MorphDistill: Distilling Unified Morphological Knowledge from Pathology Foundation Models for Colorectal Cancer Survival Prediction

arXiv cs.CV / 4/9/2026

💬 OpinionIdeas & Deep AnalysisModels & Research

Key Points

  • The paper introduces MorphDistill, a two-stage framework that distills organ-specific morphological knowledge from multiple pathology foundation models into a compact CRC-specific encoder for survival prediction.
  • Stage I uses dimension-agnostic multi-teacher relational distillation with supervised contrastive regularization to preserve inter-sample relationships from ten foundation models without requiring explicit feature alignment.
  • Stage II extracts patch-level features from whole-slide images and aggregates them with attention-based multiple instance learning to predict five-year survival.
  • On the Alliance/CALGB 89803 cohort, MorphDistill reports an AUC of 0.68, about an 8% relative improvement over the best baseline, and it outperforms baselines on C-index and hazard ratio.
  • On an external TCGA cohort, the method maintains performance (C-index 0.628), indicating cross-dataset generalization and robustness across clinical subgroups while noting the need for further validation.

Abstract

Background: Colorectal cancer (CRC) remains a leading cause of cancer-related mortality worldwide. Accurate survival prediction is essential for treatment stratification, yet existing pathology foundation models often overlook organ-specific features critical for CRC prognostication.

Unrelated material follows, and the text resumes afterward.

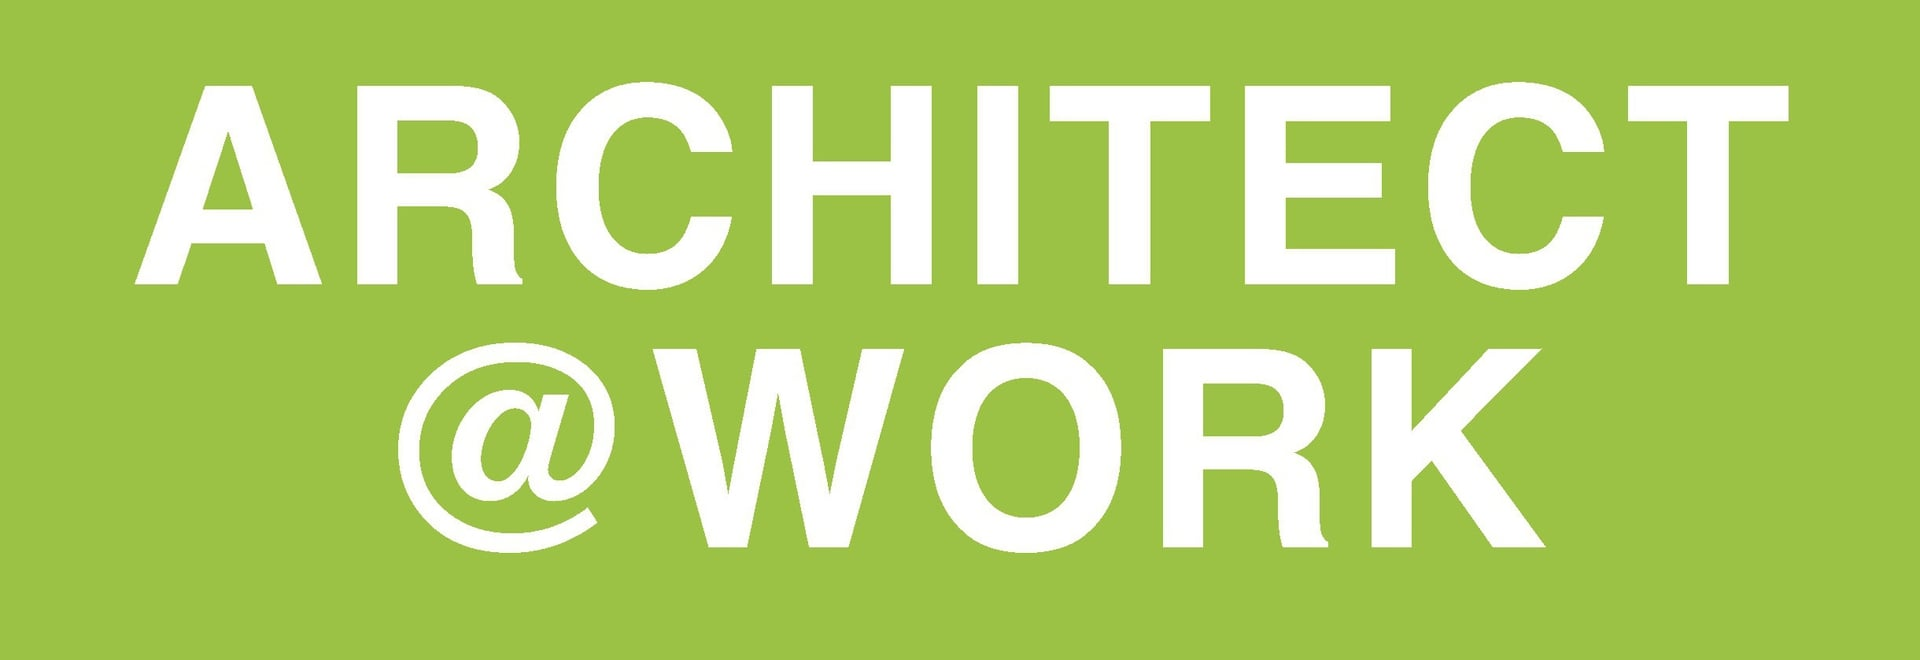 ARchitect @ Work - France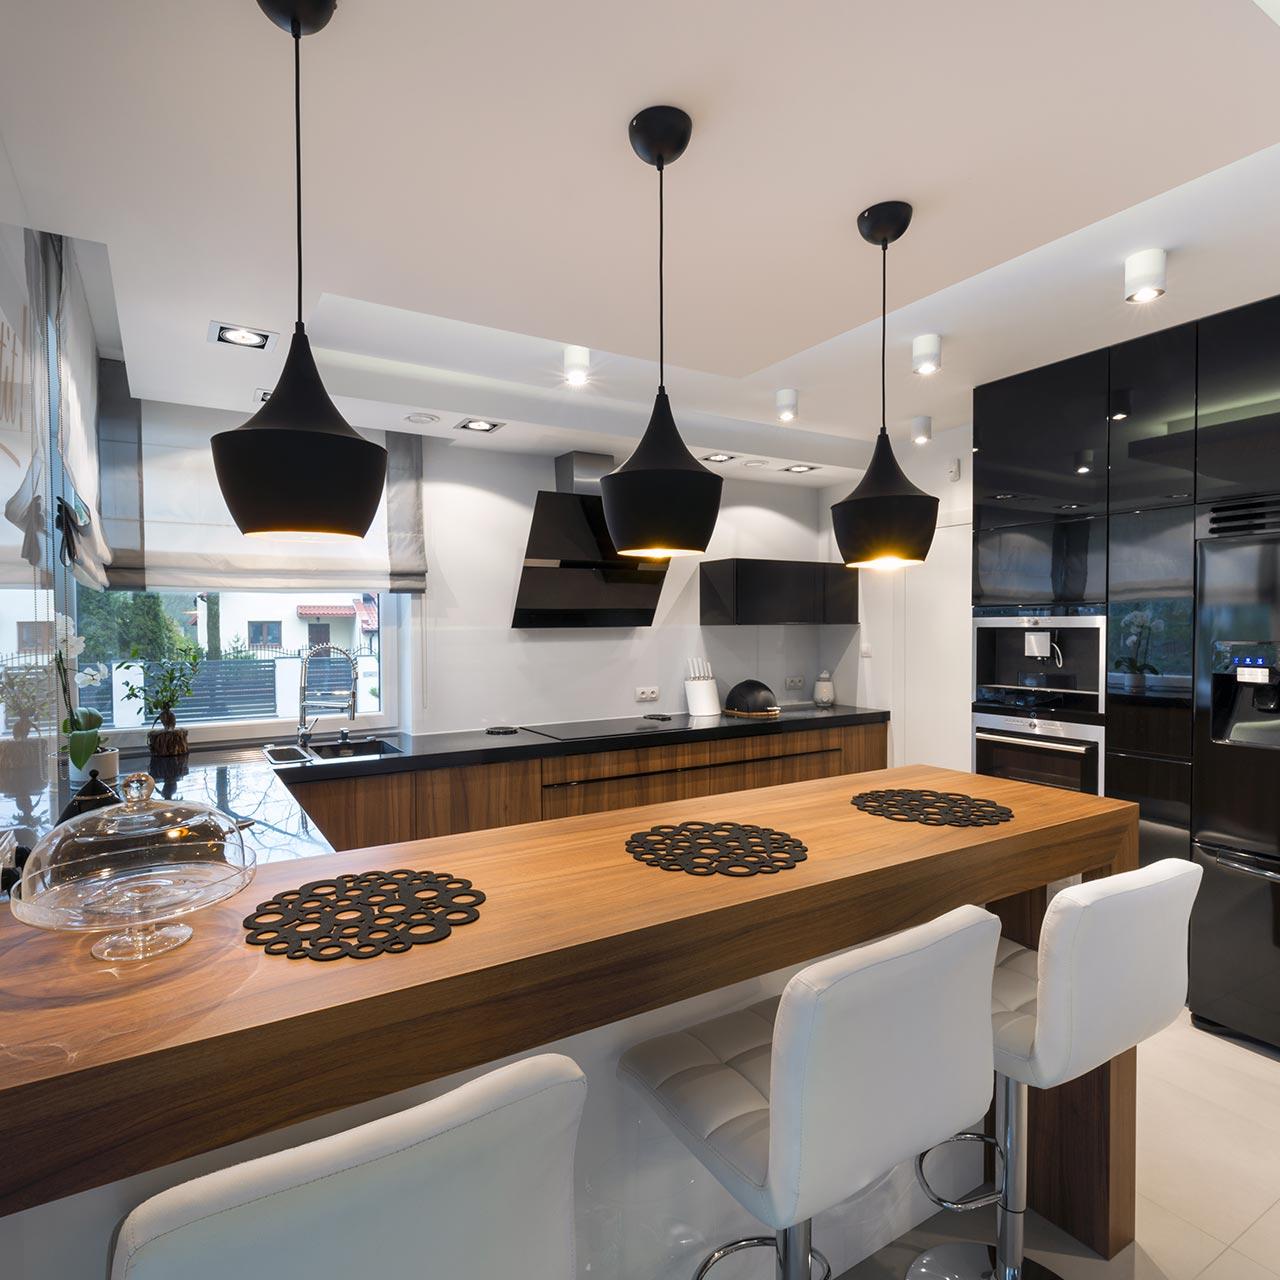 European Modular Kitchen Design

Methods: We propose MorphDistill, a two-stage framework that distills complementary knowledge from multiple pathology foundation models into a compact CRC-specific encoder. In Stage I, a student encoder is trained using dimension-agnostic multi-teacher relational distillation with supervised contrastive regularization on large-scale colorectal datasets. This preserves inter-sample relationships from ten foundation models without explicit feature alignment. In Stage II, the encoder extracts patch-level features from whole-slide images, which are aggregated via attention-based multiple instance learning to predict five-year survival. Results: On the Alliance/CALGB 89803 cohort (n=424, stage III CRC), MorphDistill achieves an AUC of 0.68 (SD 0.08), an approximately 8% relative improvement over the strongest baseline (AUC 0.63). It also attains a C-index of 0.661 and a hazard ratio of 2.52 (95% CI: 1.73-3.65), outperforming all baselines. On an external TCGA cohort (n=562), it achieves a C-index of 0.628, demonstrating strong generalization across datasets and robustness across clinical subgroups. Conclusion: MorphDistill enables task-specific representation learning by integrating knowledge from multiple foundation models into a unified encoder. This approach provides an efficient strategy for prognostic modeling in computational pathology, with potential for broader oncology applications. Further validation across additional cohorts and disease stages is warranted.